AZIYO BIOLOGICS, INC. : Entering into a Material Definitive Agreement (Form 8-K)

Item 1.01. Conclusion of a significant definitive agreement.

At January 21, 2022, Aziyo Biologics, Inc. (the “Company”) has entered into (i) a second amendment (the “Term Loan Amendment”) to its Amended and Restated Credit and Security Agreement (Term Loan), dated July 15, 2019, by and between the Company, Aziyo Med, LLC (together with the Company, the “Borrowers”), Mid-Cap Financial Trust and other financial institutions or entities party thereto from time to time, as amended (the “Term Credit Agreement”) and (ii) a second amendment (the “Revolving Loan Amendment” and, together with the Amendment Term Loan Agreement, the “Amendments”) to its Amended and Restated Credit and Security Agreement (Revolving Loan), dated July 15, 2019, by and among the Borrowers, MidCap IV Funding Trust (the “Revolving Agent”) and other financial institutions or entities party thereto from time to time (together with the Revolving Agent, the “Revolving Lenders”), as amended (the “Revolving Loan Credit Agreement” and, together with the Loan Agreement Term, the “Credit Agreements”).
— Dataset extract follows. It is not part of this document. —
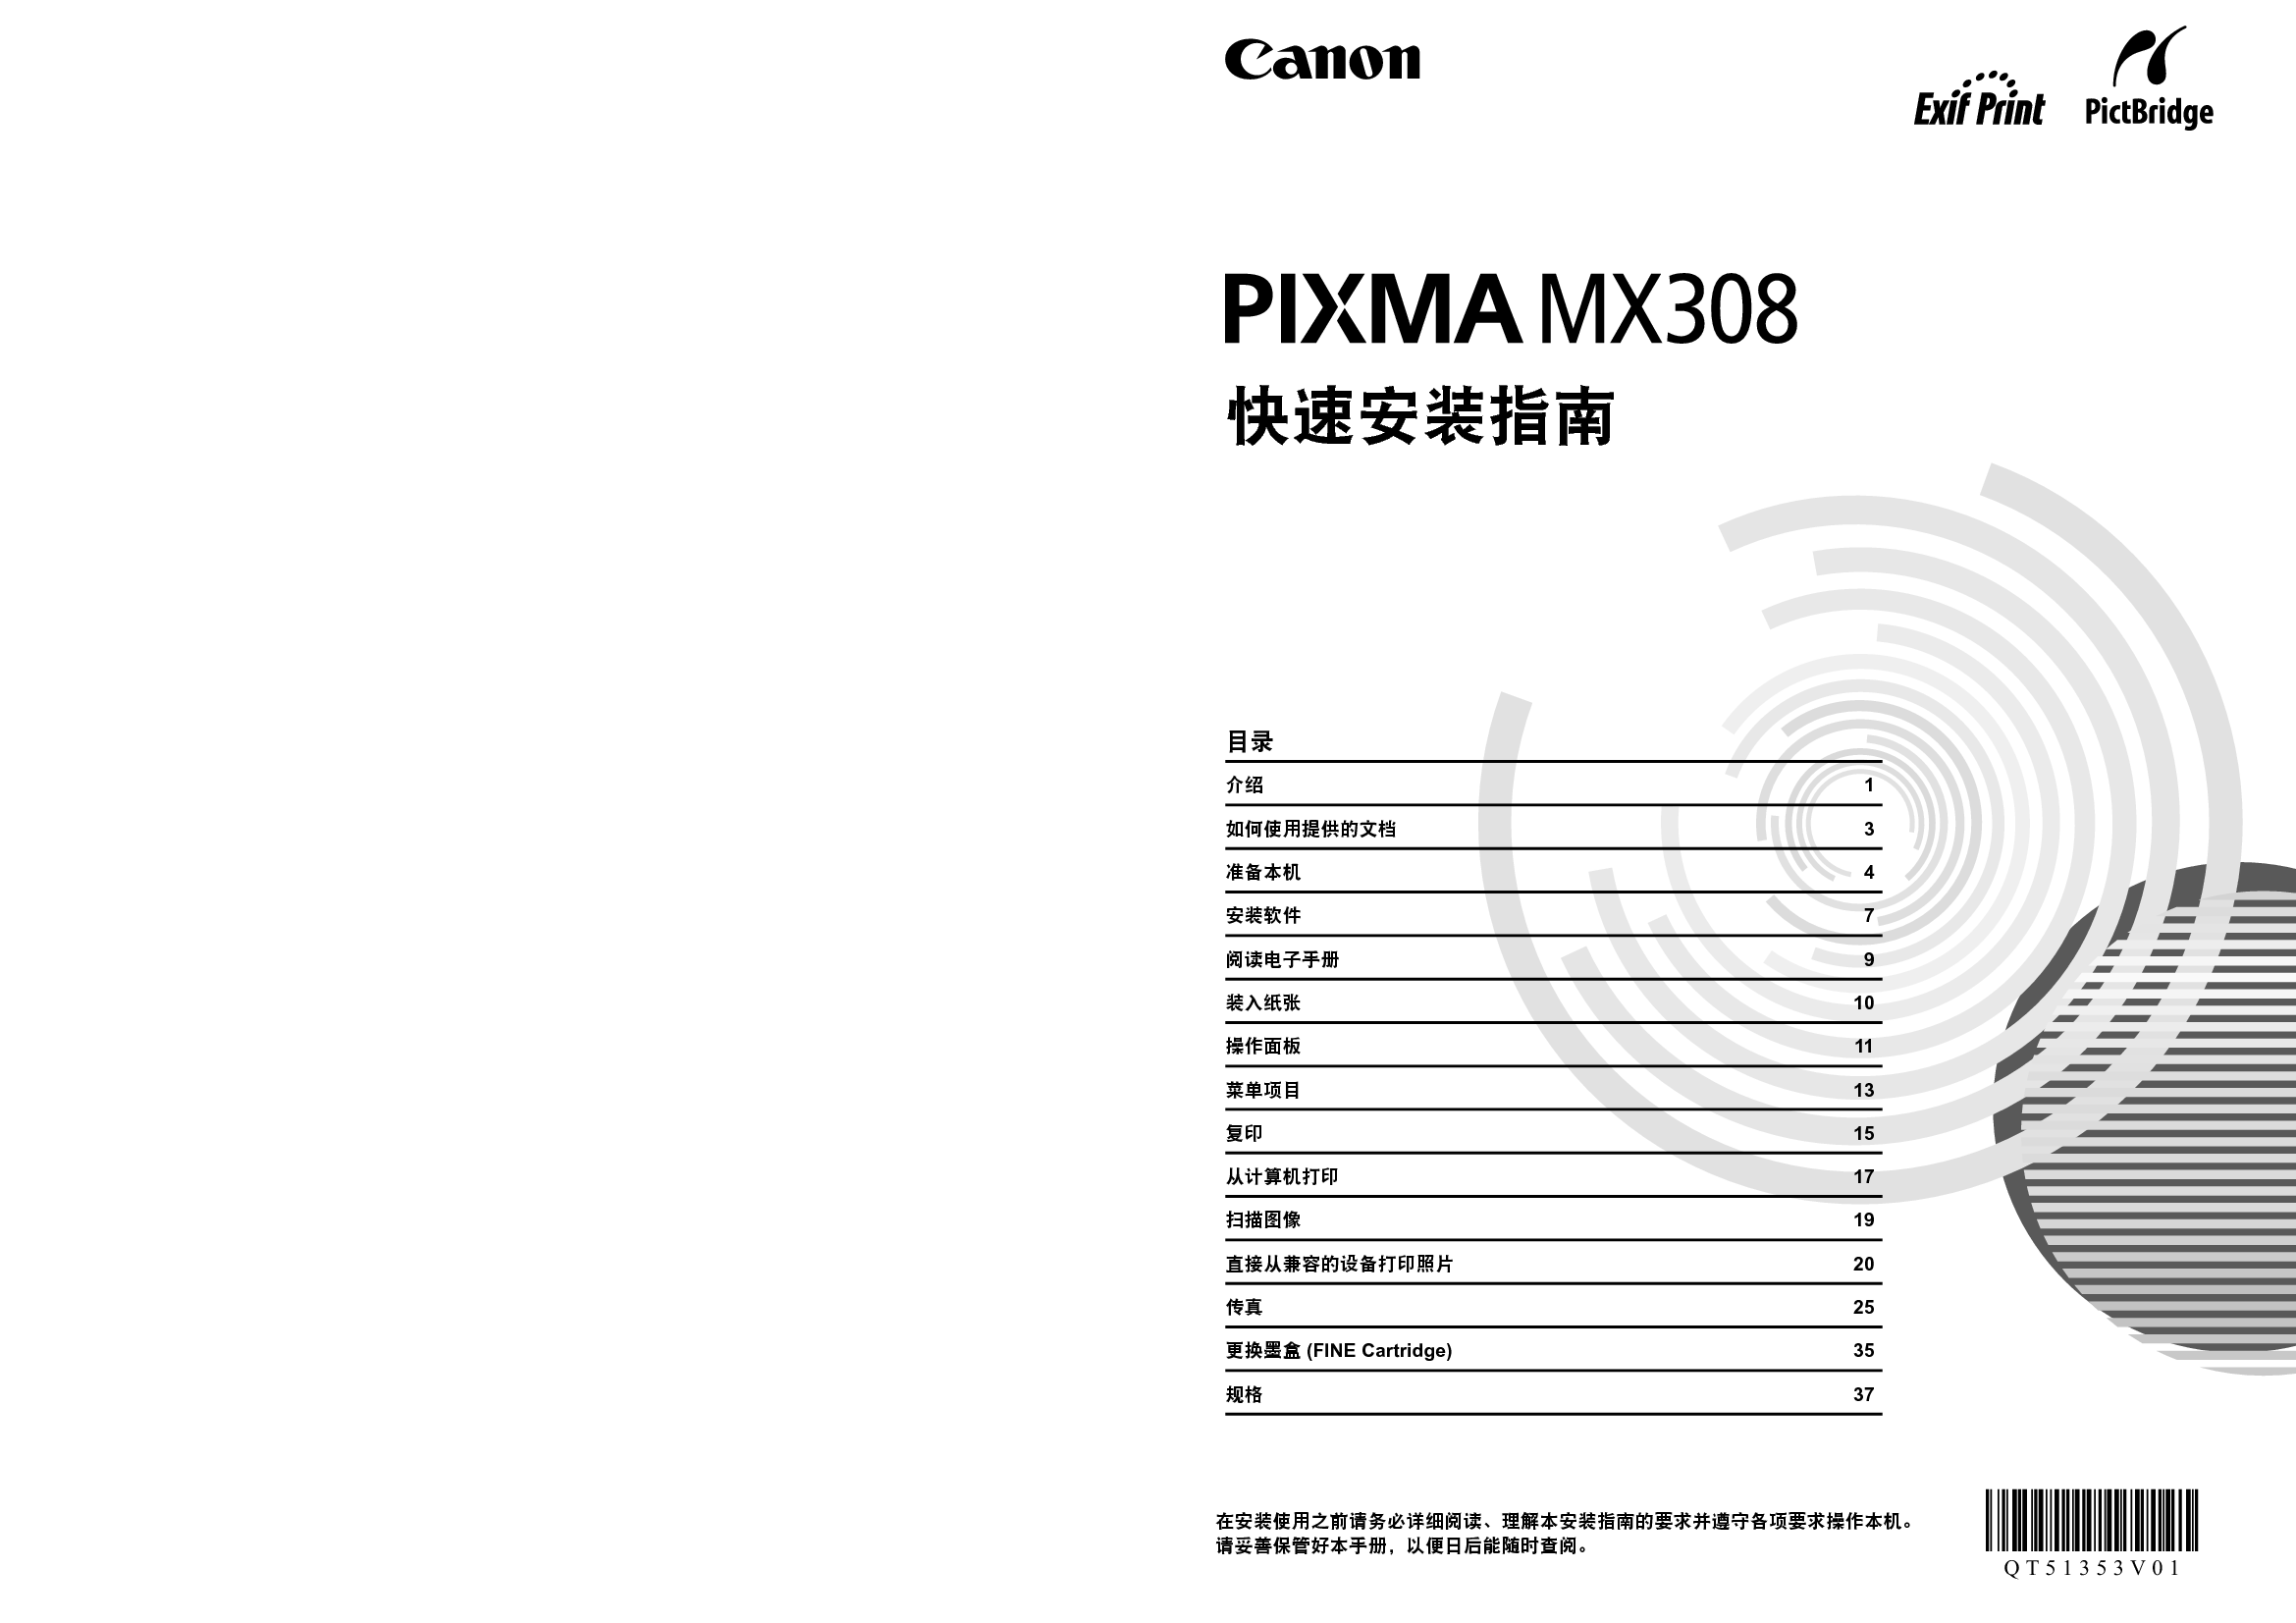 佳能 Canon PIXMA MX308 快速安装指南 封面

Pursuant to the Term Loan Amendment, the provision governing prepayment charges under the Term Loan Agreement has been amended such that any prepayment by the Company would require payment by the Company of a prepayment charge equal to the amount prepaid (or to be prepaid, if greater) multiplied by, in the case of each of Term Loan Tranche 1, Term Loan Tranche 2, Term Loan Tranche 3, Term Loan Tranche Term Loan 4 and Term Loan Tranche 5 (each as defined in the Term Loan Tranche Agreement), 3.0% up to January 21, 2023
and 2.0% thereafter.

Under the terms of the Revolving Loan Amendment, the provision governing the Deferred Revolving Loan Origination Fee under the Revolving Loan Credit Agreement has been amended such that any permanent termination or reduction of the lenders’ funding obligations in respect of the Revolving Loan Commitment (as defined in the Revolving Loan Credit Agreement) prior to the Maturity Date (as defined in the Revolving Loan Credit Agreement), would require payment by the company a deferred revolving loan origination fee equal to the amount of the revolving loan commitment so terminated or permanently reduced multiplied by 3.0% up to January 21, 2023 and 2.0% thereafter.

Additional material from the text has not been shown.